Mumbai Diary: Tuesday Dossier
The city - sliced, diced and served with a dash of sauce
With a little help from my friends
An assistant handles the dress train as Esha Gupta negotiates a road in Film City on Monday to get to the set of a reality show. Pic/Satej Shinde
Saving our national heritage animal
Actor Dia Mirza is known for being a strong supporter of living green. Mirza was recently tagged by Hollywood actor Adrian Grenier on Twitter to switch to a biodegradable version of a daily item of use (she chose sanitary napkins). In addition to this, Mirza headed to the hills of Meghalaya to support the Gaj Yatra campaign (in pic) that works to provide safe passage corridors for elephants, an initiative of the Ministry of Environment, Forest and Climate Change and Wildlife Trust of India.
Not many would know that back in the '90s, Shabana Azmi was among the first celebs to talk about women's right to sanitary hygiene — not a small feat given how the issue is shrouded. It is fitting then that on Menstrual Hygiene Day yesterday, Azmi was invited to Delhi for a discussion by Niine Movement, an initiative to empower women and tackle the taboos associated with menstruation. "Truly humbling to see the courage and commitment of the catalysts for change," said the actor on social media.
A smart film
Though some people might find it hard to believe, we live in a day and age when a smartphone is all you need to shoot a film. That's exactly the tool that the makers of Unfateful used for the micro-budget movie. It's a road-trip film featuring four strangers who are carpooling their way across South India. But the film's journey will only be complete if a crowdfunding effort to finance it is successful. And we can trust that the director, Seby Varghese, will use the money wisely, given that he is an auditor who has taken a sabbatical to make his debut film.
Benegal says it
At a recent event, veteran filmmaker Shyam Benegal and director of Newton, Amit Masurkar, came together for a tête-à-tête. The session was held to felicitate Masurkar on his recent National Award. The evening was held at Talmakiwadi in Tardeo, one of the oldest housing cooperative societies for the Chitrapur Saraswat community, to which both Benegal and Masurkar belong. As the evening progressed, proceedings took an interesting turn when moderator and former journalist Chaitanya Padukone asked Masurkar what made him accept the award even as several winners chose to boycott the ceremony upon learning that the President won't be handing it over. "For me, it was the award that mattered," he said. But Benegal chose not to mince words. "This was an award of the state and, if the president doesn't come to give the award, it is insulting. You are disrespecting the republic, which you are supposed to represent. It shouldn't have been done this way. It was much too casual," he said.

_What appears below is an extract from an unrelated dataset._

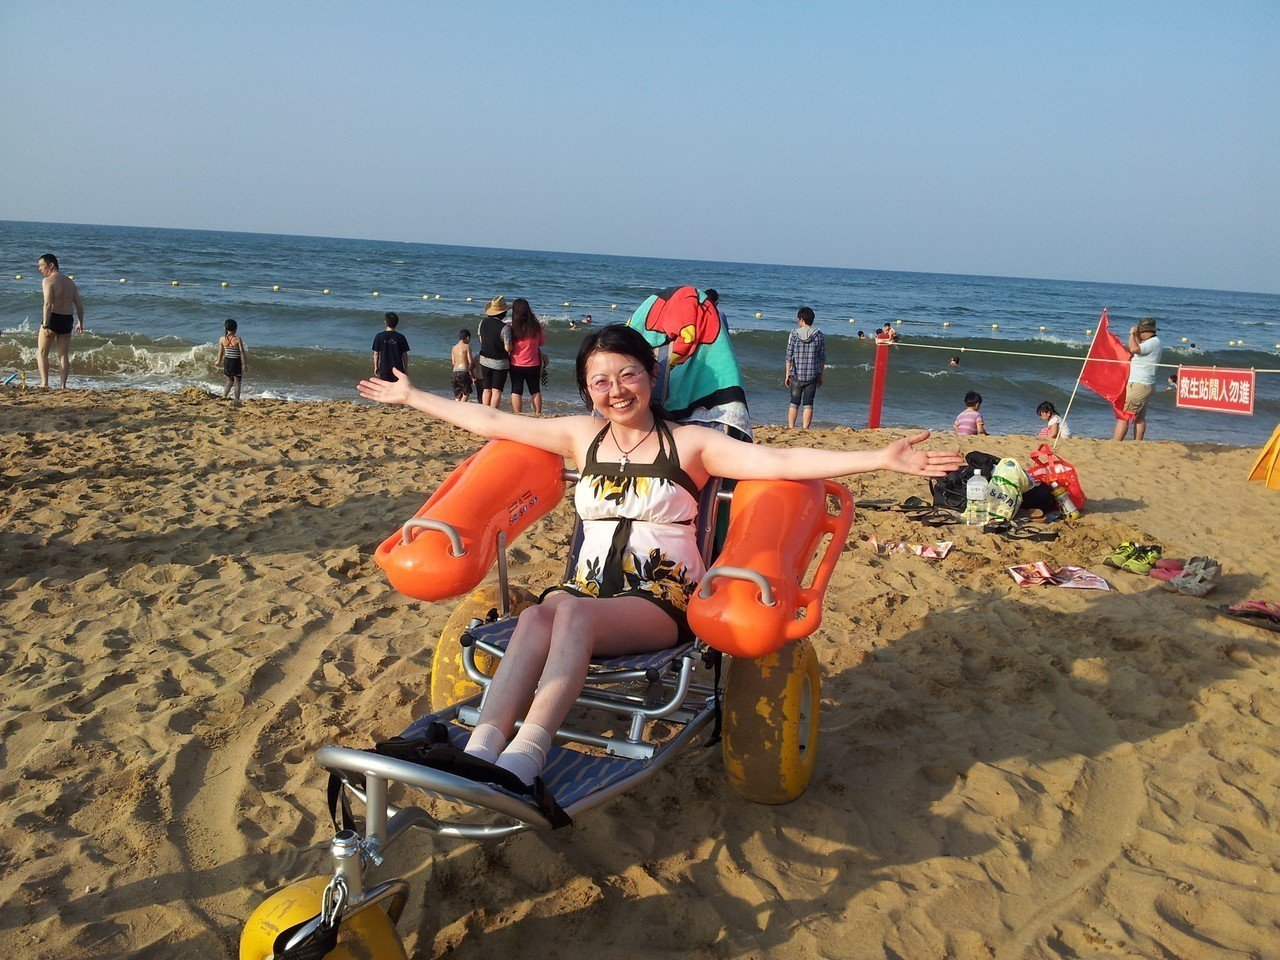 國內首位輪椅導遊黃欣儀,買下沙灘輪椅帶輪椅族玩水。圖/黃欣儀提供

Ambi Parameswaran, the man who offered us a quirky, fun take on Indian advertising in his book — Nawabs, Nudes and Noodles, is back after a commercial break (pun intended entirely). That book looked at 50 years of Indian advertising, its highs and lows, and most powerful campaigns that affected the Indian consumer. After sharing priceless gems of gyaan about that rollercoaster ride, he's now ready with Sponge: Leadership Lessons I Learnt From My clients (Westland). This title from the advertising guru, and former head at FCB Ulka, borrows from the intriguing, engaging conversations that Parameswaran had with some of the big daddies in the Indian corporate world. Known for his easy-going, anecdote-laced writing, this one is sure to keep this diarist hooked for the same reason why we consider his earlier title as an encyclopaedic guide to Indian advertising.